◆ Problem to solve:
Below are some records. Return exactly the lines from the one containing "ステージ袖には、演奏会スタッ" through the one containing "Orange Courtes 5", both included, and only those.

[Stored records]
◆ ◆ ◆ ◆ ◆ ◆ ◆

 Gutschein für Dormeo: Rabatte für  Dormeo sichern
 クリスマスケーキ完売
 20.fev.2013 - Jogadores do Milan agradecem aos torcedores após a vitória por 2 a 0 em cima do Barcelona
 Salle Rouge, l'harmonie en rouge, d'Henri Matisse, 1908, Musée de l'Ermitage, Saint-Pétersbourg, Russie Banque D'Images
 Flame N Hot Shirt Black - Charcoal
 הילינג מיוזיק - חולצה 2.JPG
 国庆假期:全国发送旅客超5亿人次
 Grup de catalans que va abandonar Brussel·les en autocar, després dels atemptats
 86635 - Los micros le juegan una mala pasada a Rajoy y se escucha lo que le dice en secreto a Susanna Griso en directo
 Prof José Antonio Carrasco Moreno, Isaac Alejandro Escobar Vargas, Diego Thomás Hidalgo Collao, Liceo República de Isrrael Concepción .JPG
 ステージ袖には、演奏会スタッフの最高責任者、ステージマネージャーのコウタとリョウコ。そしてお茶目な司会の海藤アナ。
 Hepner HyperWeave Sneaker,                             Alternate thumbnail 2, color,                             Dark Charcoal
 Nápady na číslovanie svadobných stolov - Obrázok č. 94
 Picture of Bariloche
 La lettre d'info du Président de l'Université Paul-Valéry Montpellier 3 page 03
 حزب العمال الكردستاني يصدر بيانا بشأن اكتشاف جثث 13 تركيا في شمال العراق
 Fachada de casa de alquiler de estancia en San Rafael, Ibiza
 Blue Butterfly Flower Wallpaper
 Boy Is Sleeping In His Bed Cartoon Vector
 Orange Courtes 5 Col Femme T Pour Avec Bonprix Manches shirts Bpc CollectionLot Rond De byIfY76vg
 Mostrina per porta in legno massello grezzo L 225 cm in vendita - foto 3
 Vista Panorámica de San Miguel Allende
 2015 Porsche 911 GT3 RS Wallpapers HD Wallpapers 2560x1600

◆ ◆ ◆ ◆ ◆ ◆ ◆

◆ Completed task:
 ステージ袖には、演奏会スタッフの最高責任者、ステージマネージャーのコウタとリョウコ。そしてお茶目な司会の海藤アナ。
 Hepner HyperWeave Sneaker,                             Alternate thumbnail 2, color,                             Dark Charcoal
 Nápady na číslovanie svadobných stolov - Obrázok č. 94
 Picture of Bariloche
 La lettre d'info du Président de l'Université Paul-Valéry Montpellier 3 page 03
 حزب العمال الكردستاني يصدر بيانا بشأن اكتشاف جثث 13 تركيا في شمال العراق
 Fachada de casa de alquiler de estancia en San Rafael, Ibiza
 Blue Butterfly Flower Wallpaper
 Boy Is Sleeping In His Bed Cartoon Vector
 Orange Courtes 5 Col Femme T Pour Avec Bonprix Manches shirts Bpc CollectionLot Rond De byIfY76vg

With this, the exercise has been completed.